A Modern Day Rufaidah

Just another Muslim Nurse Blog…or not.

Archive for the month “January, 2011”

The Automatic Unstated Faith Bond

**All patient names and identifying information have been changed or left out for confidentiality.**

Nursing is hard. Dealing with people is hard. What’s worse is dealing with other muslim patients (calm down, and keep reading). No, not because we have specific things that must be taken into consideration but more because there is this unstated automatic bond between you and the patient. A bond of brothers and sisters.  A bond of faith.

The first time I met “Ahmed” was on a white board in a psychiatric unit. “Ahmed – Paranoid Schizophrenic – (insert other irrelevant information here)”. I didn’t think much of it. Maybe it’s some old and senile man (yes, I did think that, sue me). It was not until rounds that I really met “Ahmed” – a 19 year old college student(Side note: at rounds everyone on the care team gets update on the patient condition, medications etc. We talk to the patient and see how they are doing and make changes to medications, treatment plans and if they are doing better they get discharged. End of side note. )

Here is his back story (edited and shortened):

“Ahmed” was admitted to the ward because he was afraid that people were going to break into his house. So afraid that he used to take screwdrivers into his bedroom for protection. He was often found talking “to himself” in the bathroom, loudly. He often got into fights with his family over money and had various incidents that led to his admittance to the ward, including one specific incident that led him to throw medication at his mother’s face. Obviously, something is very wrong or this is just one weird dude. I wanted to know more. I wanted to know how, coming from a Muslim family and being the only son, he was admitted to the psych ward of all places. What was he up to and what led to this?

Luckily, after rounds I found “Ahmed” in the TV room. As I passed by I waved and before I could say anything he said “As-salamulaikum”. For a second I froze. Yes. Froze, like this was the first time I had ever heard the phrase and had no idea how to react. Once I had finally regained control over my muscles and mustered up some guts, I replied and ask if he was up for hanging out for a bit. He agreed and I joined in on the television watching. I had no idea what we were going to talk about or what to ask. My mind had gone blank. It didn’t help that he was mimicking my every move. Eventually the conversation started and I was shocked at what I heard. “Ahmed” “the paranoid schizophrenic” had real dreams and aspirations. He wanted to become an engineer, stand on his own feet and explore the world. He laughed and joked about politics, conversed about sports and he told me he spoke to his father often and helped his uncle run his convenience store. He was “a beast” at checkers and always beat his friend Paul when they played. I was elated. He was not paranoid. He was not schizophrenic! He was just a misunderstood teenager from a conservative home  being raised in a less conservative atmosphere and no one understands him. I was sure. Write it in stone. I’ll tell the world.

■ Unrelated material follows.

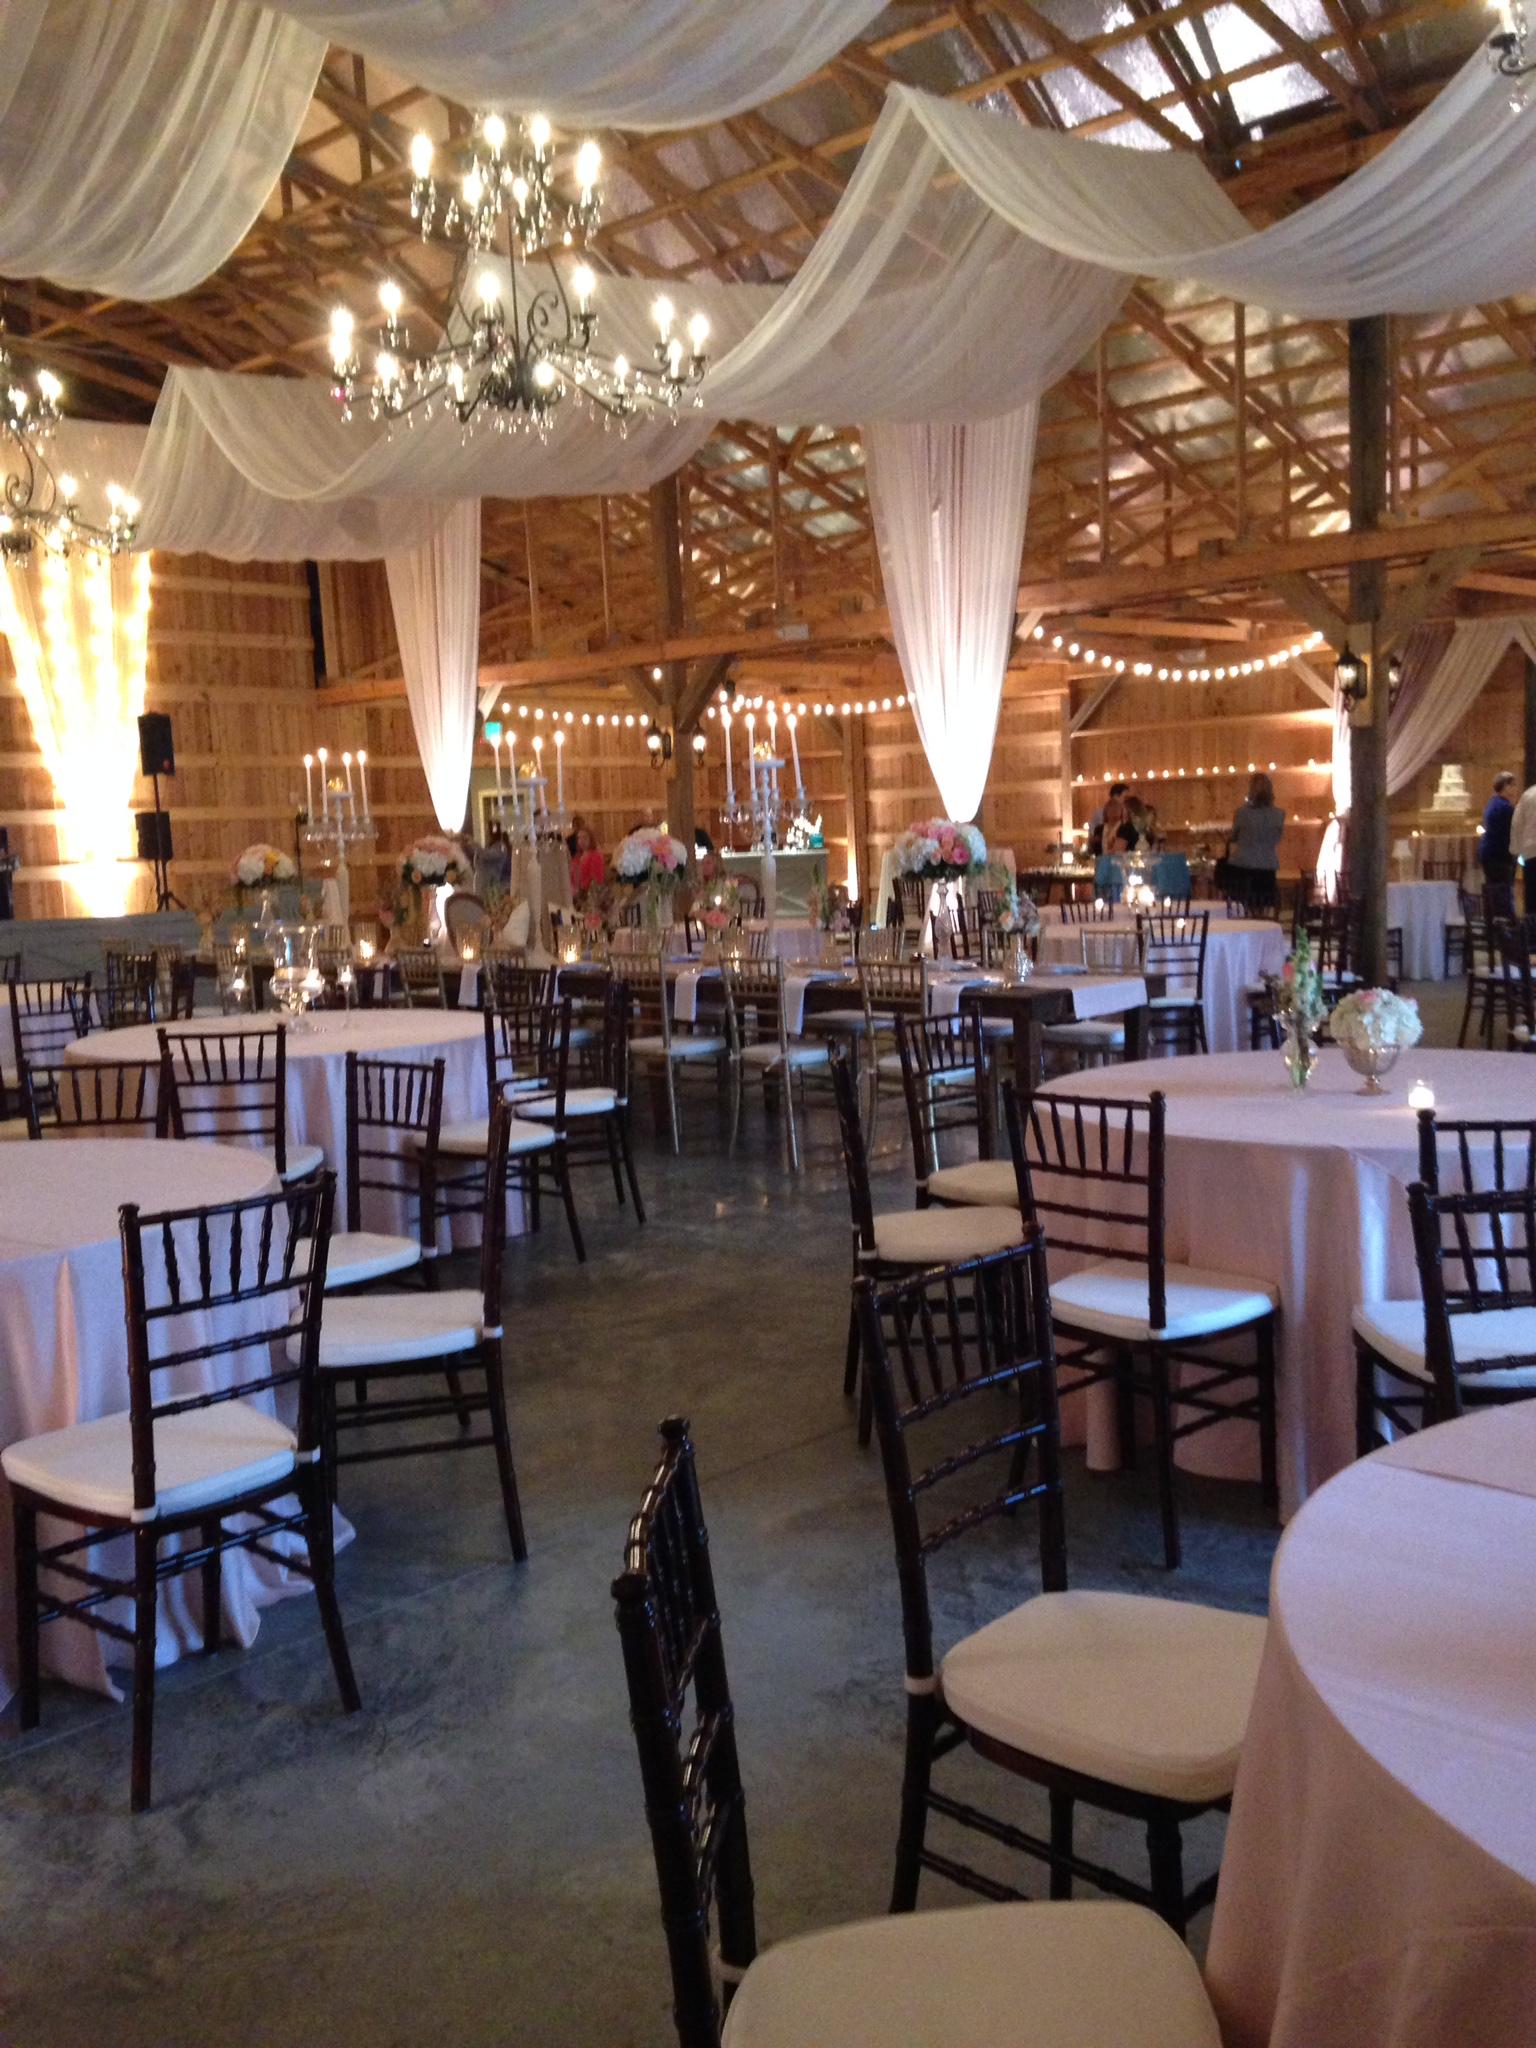 SaddleWoodsFarm-Nashville-Barn-Wedding

In conversation with the Nurse Practitioner (Whoop!) that was on his case, she asked me questions about his culture and religion and how some of his actions could be explainable such as his mumbling could be him praying? or making dua (supplication)? He could be doing tasbeeh (similar to rosary) when he taps finger to finger. Everything had a reason. He was not crazy. I was sure of it. She asked me what I thought, and I confidently answered that I was not confident he was a paranoid schizophrenic. Seriously, please. That was ridiculous. This kid talked normally, he looked me directly in the eye during our conversations, he had goals, aspirations. He was NOT crazy. I refused to believe it.

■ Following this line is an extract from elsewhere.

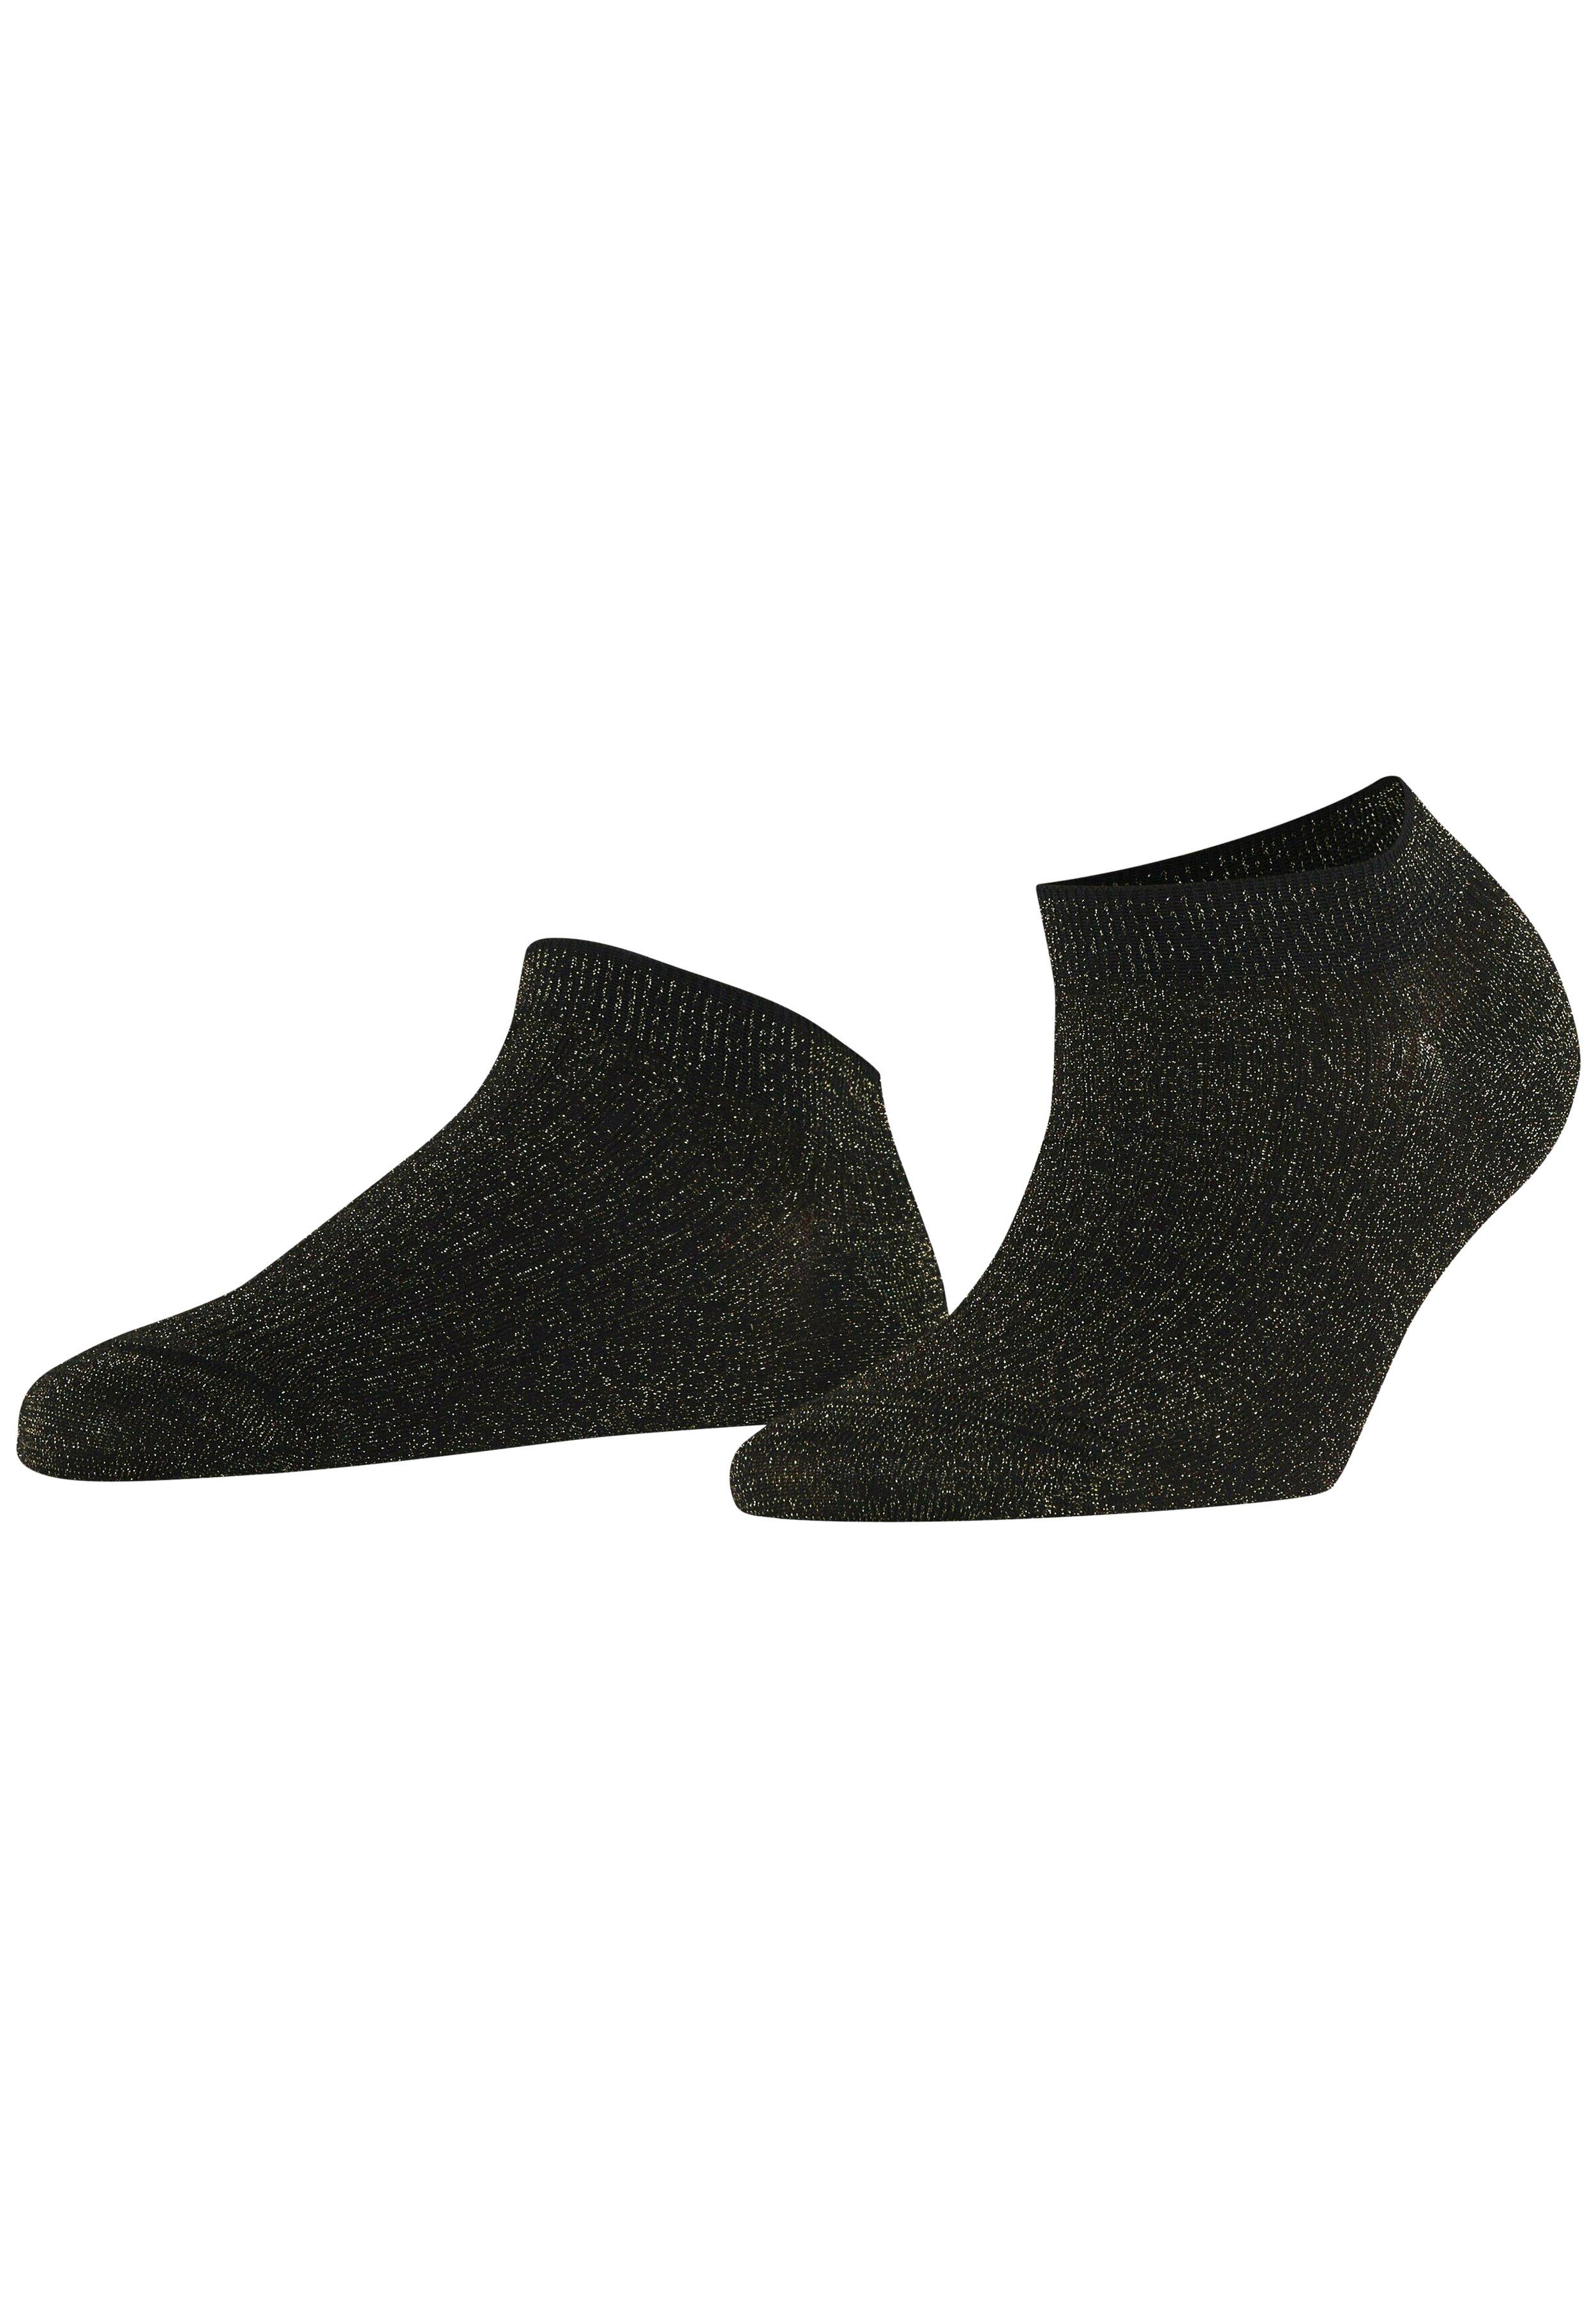 Femme SHINY  - Chaussettes - black

The next week that we went back I was excited to hang out with “Ahmed”, play checkers (he said he wanted to play the next time we came) and find out more about him and his condition but when we got there he was gone. “Ahmed” was sent to a more protective mental facility one day before we returned for our last week of rotation.

The Nurse Practitioner updated me on his status, then she asked me questions that made me realize all the things that I was pretending I did not see. Suddenly, my whole perspective on my conversation that day with “Ahmed” had changed…

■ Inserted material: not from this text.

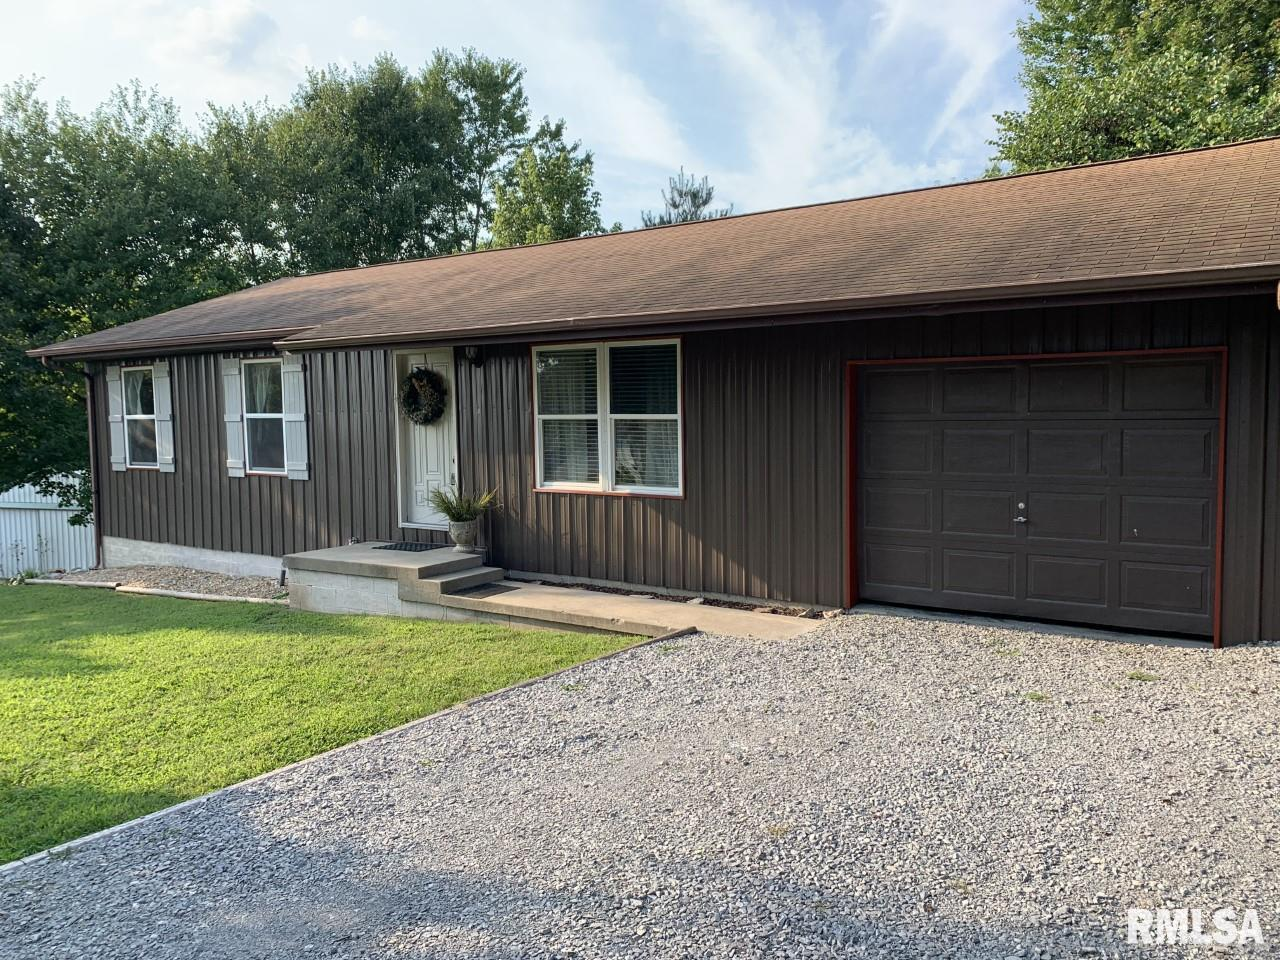 106 VIRGINIA Property Photo - Jonesboro, IL real estate listing

His direct eye contact was the manipulation of a schizophrenic. His mimicking my every move was in a sense a way to impress me. A way to feed to me what he thought I wanted to hear. Just like his answers to my questions. I also found out later that “Ahmed” had been doing drugs after he dropped out of college. Remember when he told me he talked to his father often? His father died 2 years ago. (This was another one of those moments where I froze and didn’t know what to do) So if he is “talking” to his father, it’s definitely not physically his father. His chart said he sees shadows around him and they whisper. Maybe he was high? (yeah I still tried to justify) He reads the Quran. Mashallah. He reads it so fast he can’t stop himself or understand what he is reading.

I still sifted through his chart and read every note made by the nurses or doctors in hope that there was some unseen piece of the puzzle. There was nothing.

All I could do now was pray for the brother with whom I had an automatic unstated faith bond with. So I prayed that Allah (God) help my brother “Ahmed” and bring him peace and guidance so he can achieve his dreams.

The “Automatic Unstated Faith Bond” can be blinding.